* WHAT YOU WILL DO:
For the data below, transcribe the part that opens with the line containing "Neue Justiz (NJ), Zeitschrift" and closes with the line containing "5 (çemberin yarıçapı)", exactly and with no pictures.

* PROVIDED RECORDS:
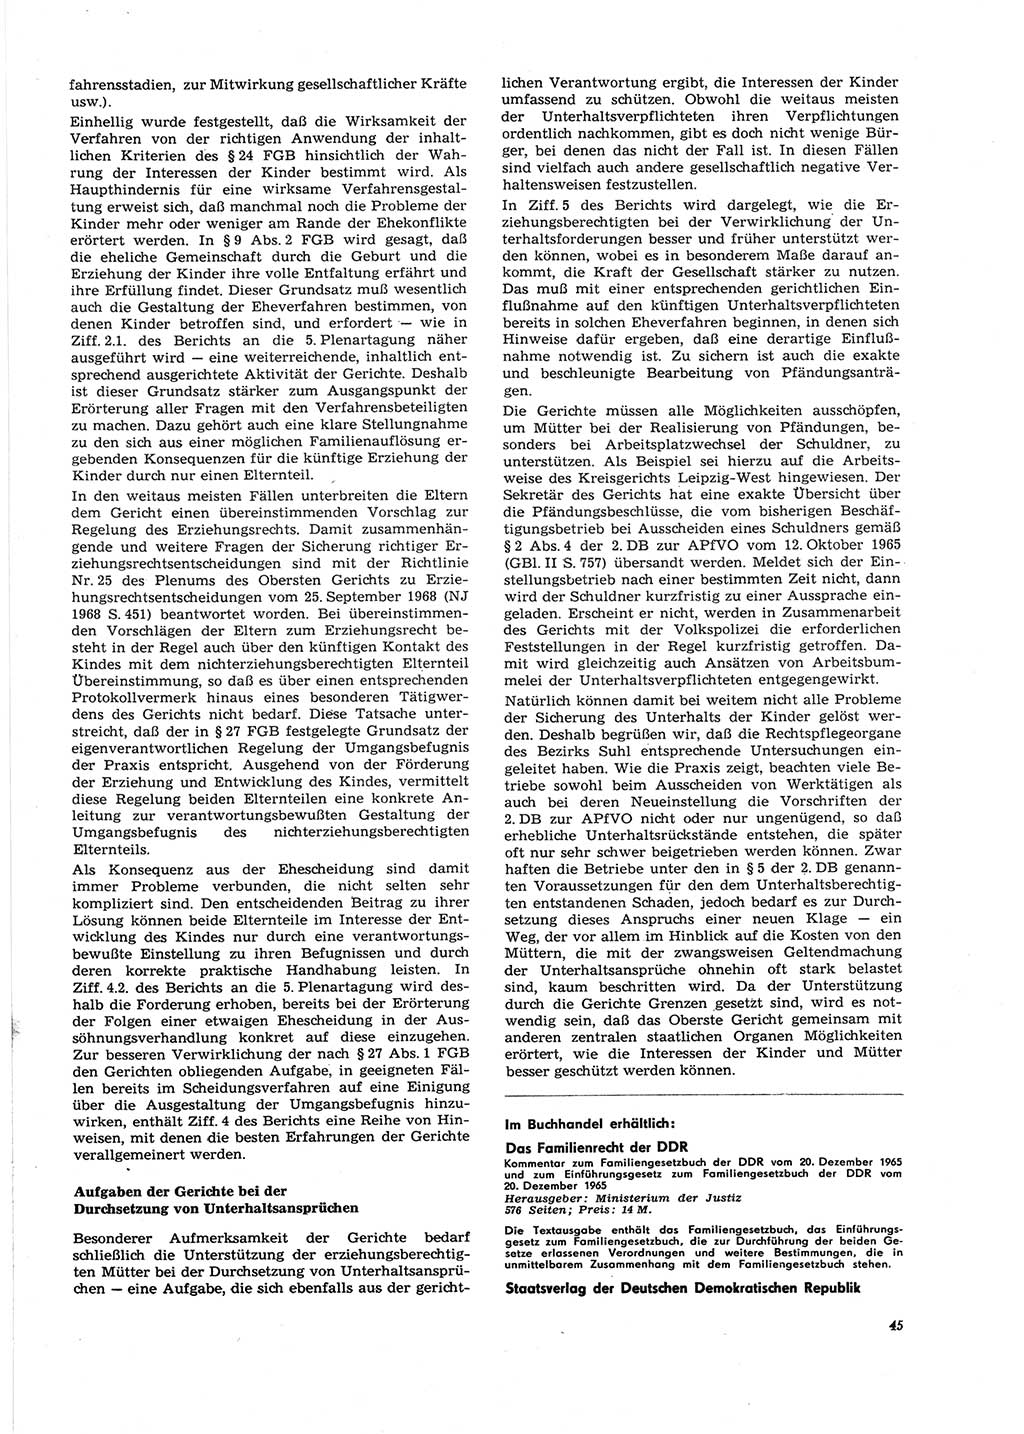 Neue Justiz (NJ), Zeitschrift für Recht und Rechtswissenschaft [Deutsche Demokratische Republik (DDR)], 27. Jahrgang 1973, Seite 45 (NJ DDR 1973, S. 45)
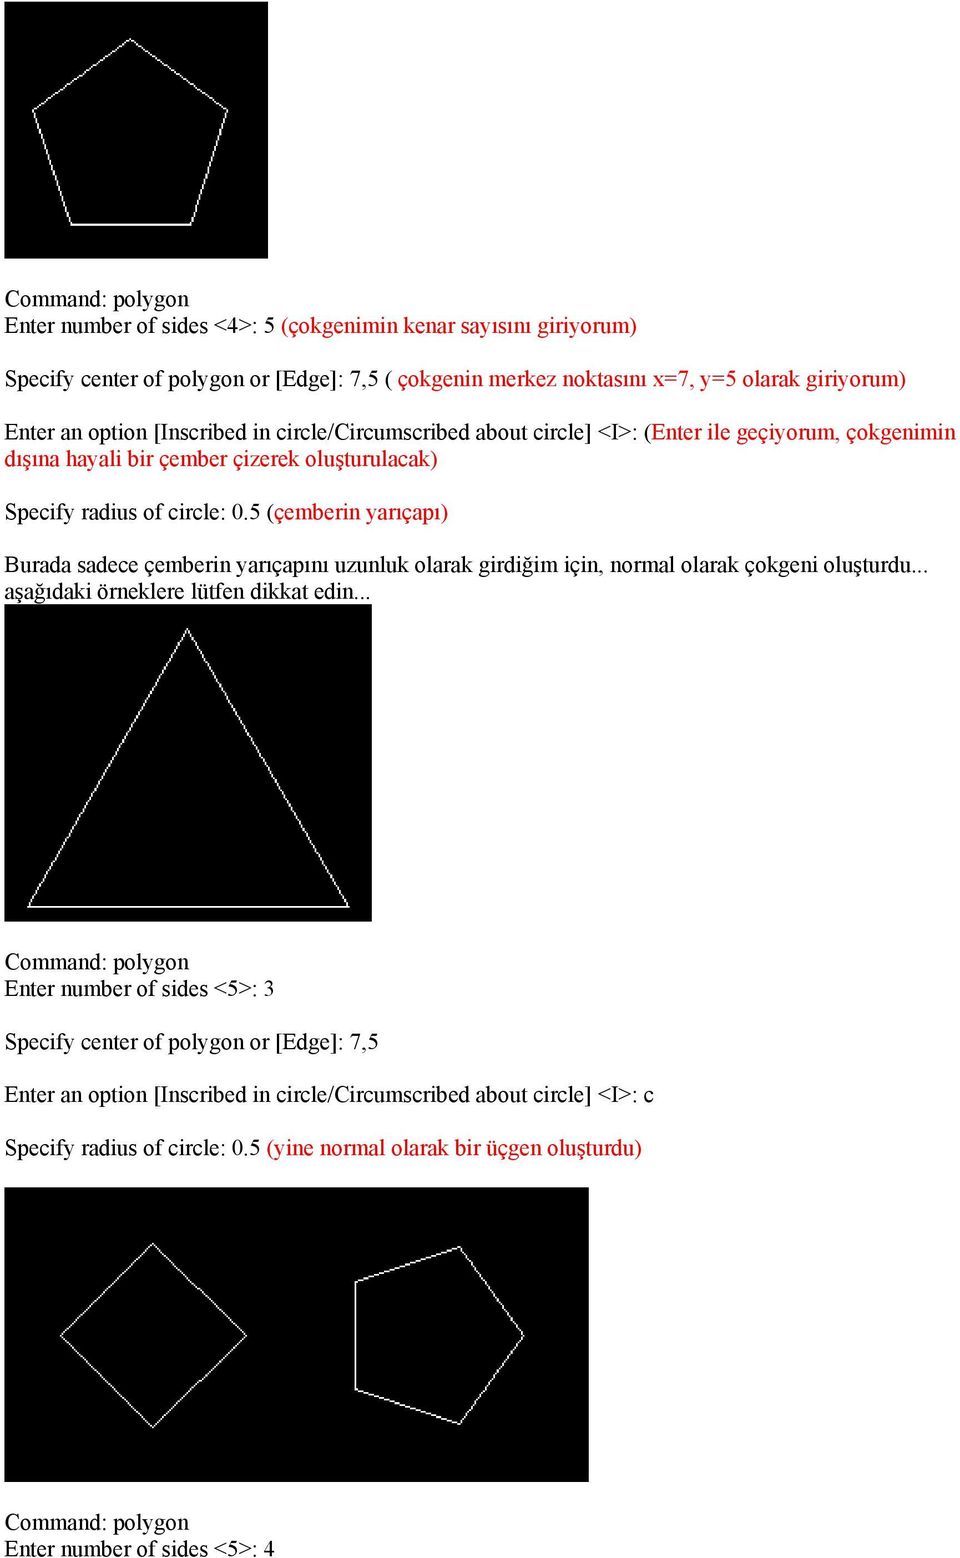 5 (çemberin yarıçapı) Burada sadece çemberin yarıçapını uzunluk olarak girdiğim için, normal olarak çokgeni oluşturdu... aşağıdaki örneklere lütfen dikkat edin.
--
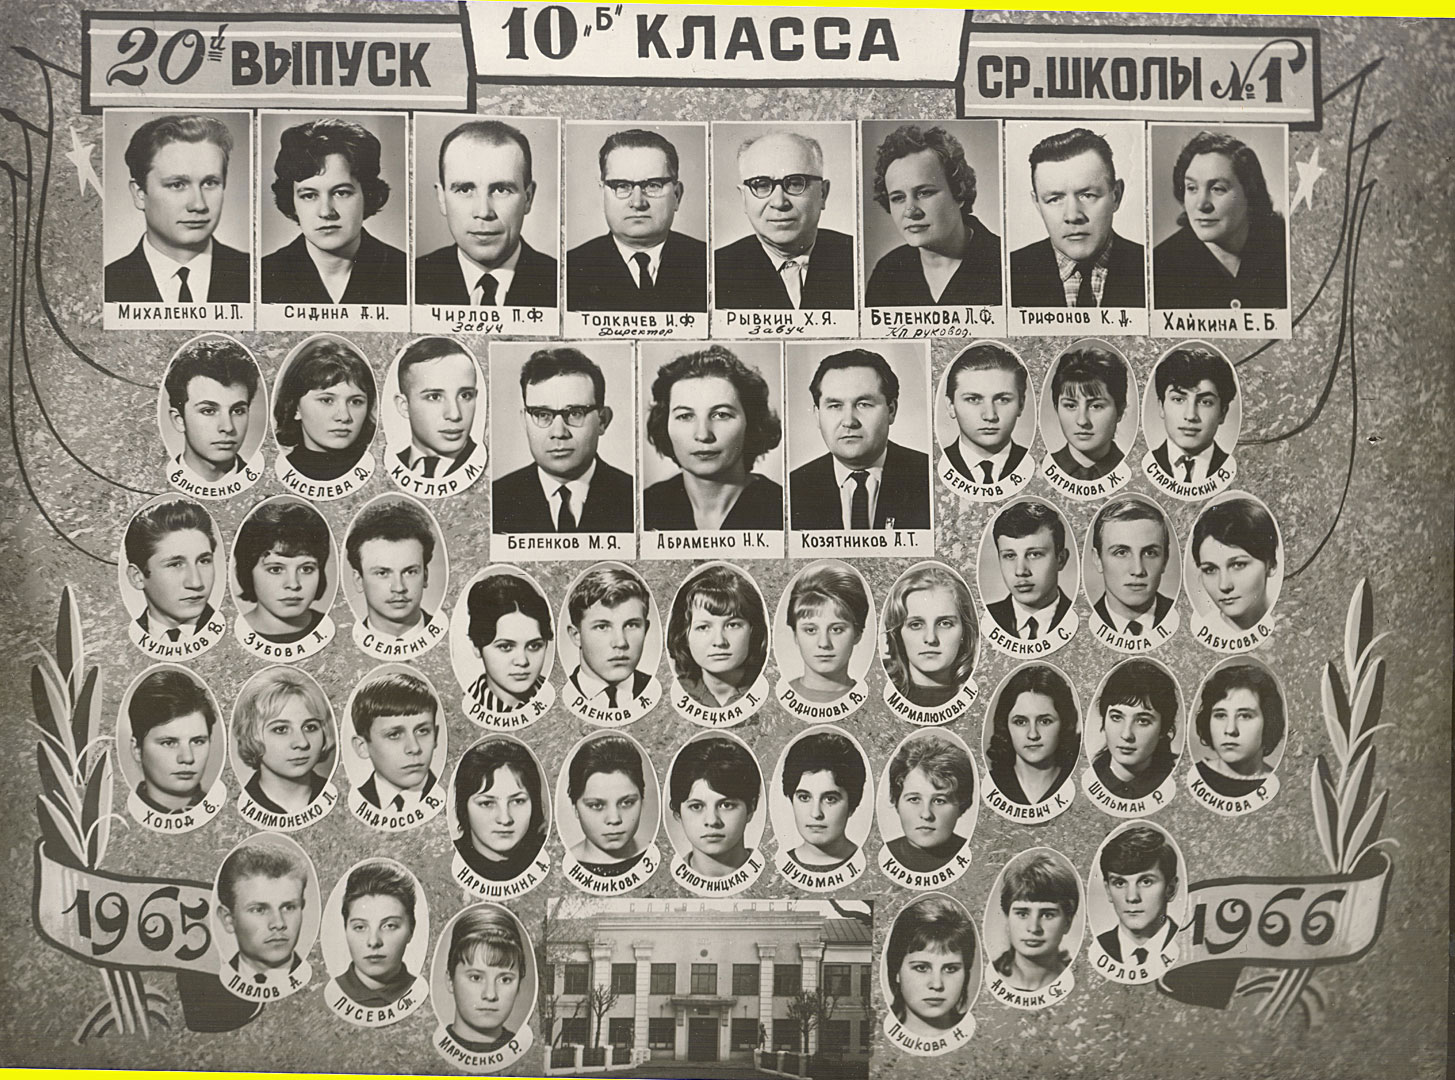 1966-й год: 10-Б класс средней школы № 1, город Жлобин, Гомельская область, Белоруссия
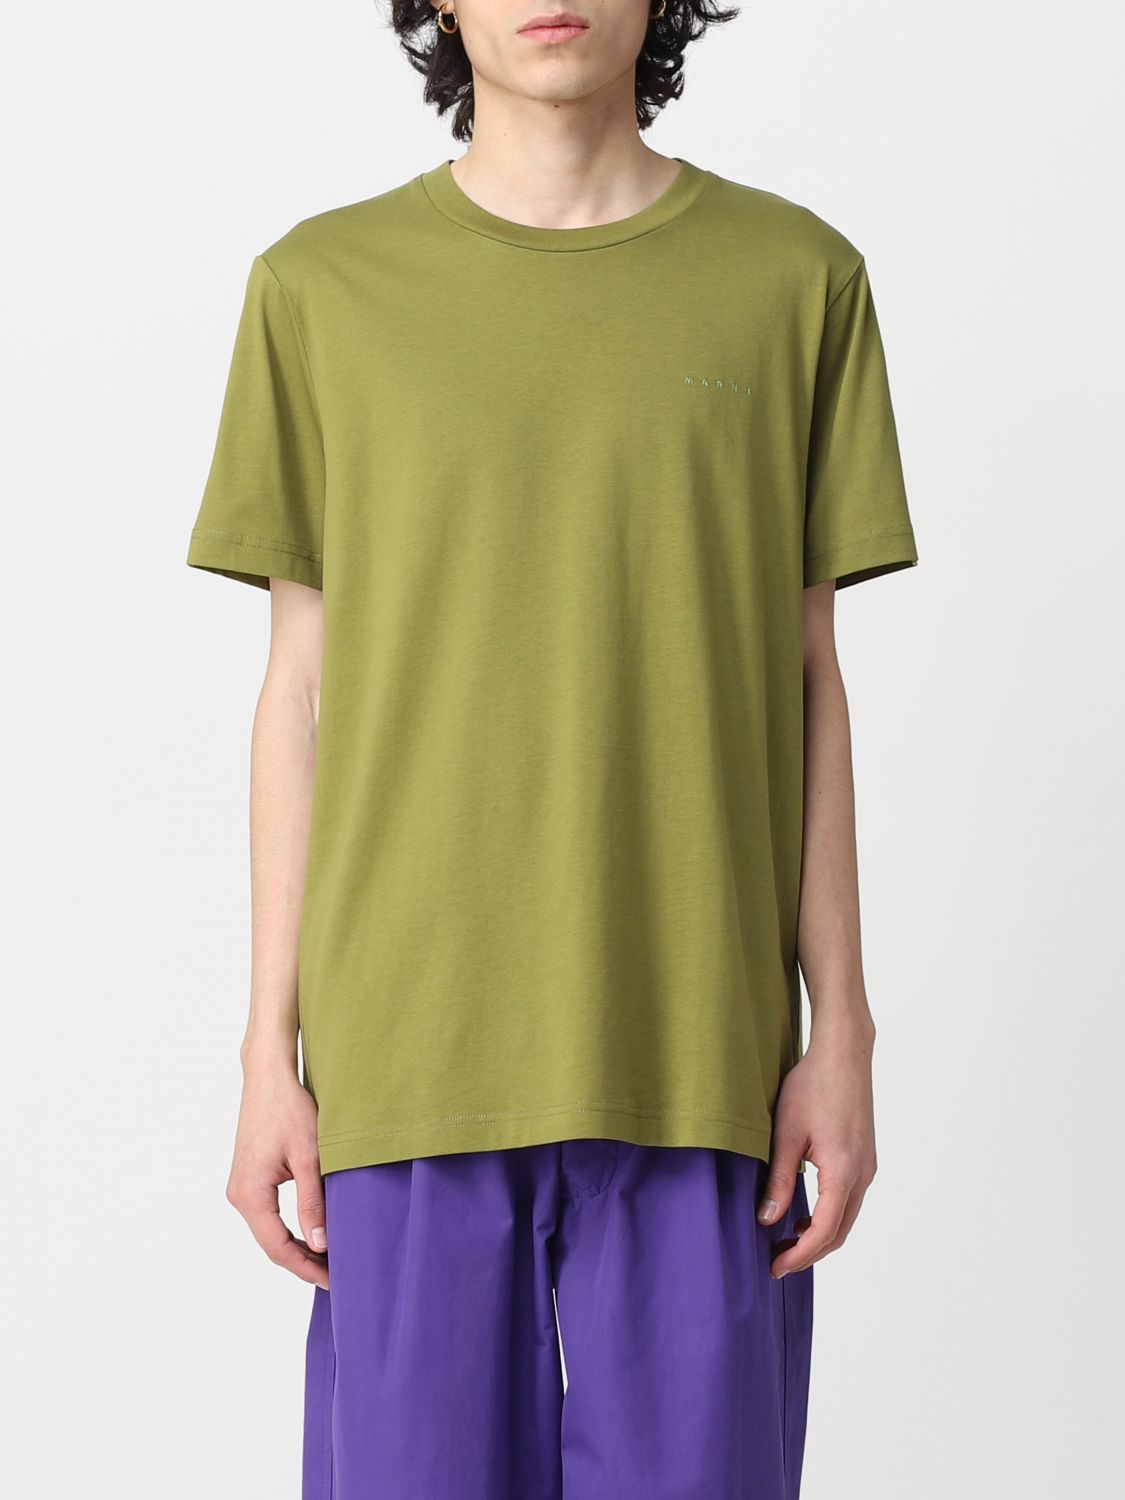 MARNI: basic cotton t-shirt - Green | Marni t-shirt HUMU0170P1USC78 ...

* RESPONSE AREA:
 Neue Justiz (NJ), Zeitschrift für Recht und Rechtswissenschaft [Deutsche Demokratische Republik (DDR)], 27. Jahrgang 1973, Seite 45 (NJ DDR 1973, S. 45)
 5 (çemberin yarıçapı) Burada sadece çemberin yarıçapını uzunluk olarak girdiğim için, normal olarak çokgeni oluşturdu... aşağıdaki örneklere lütfen dikkat edin.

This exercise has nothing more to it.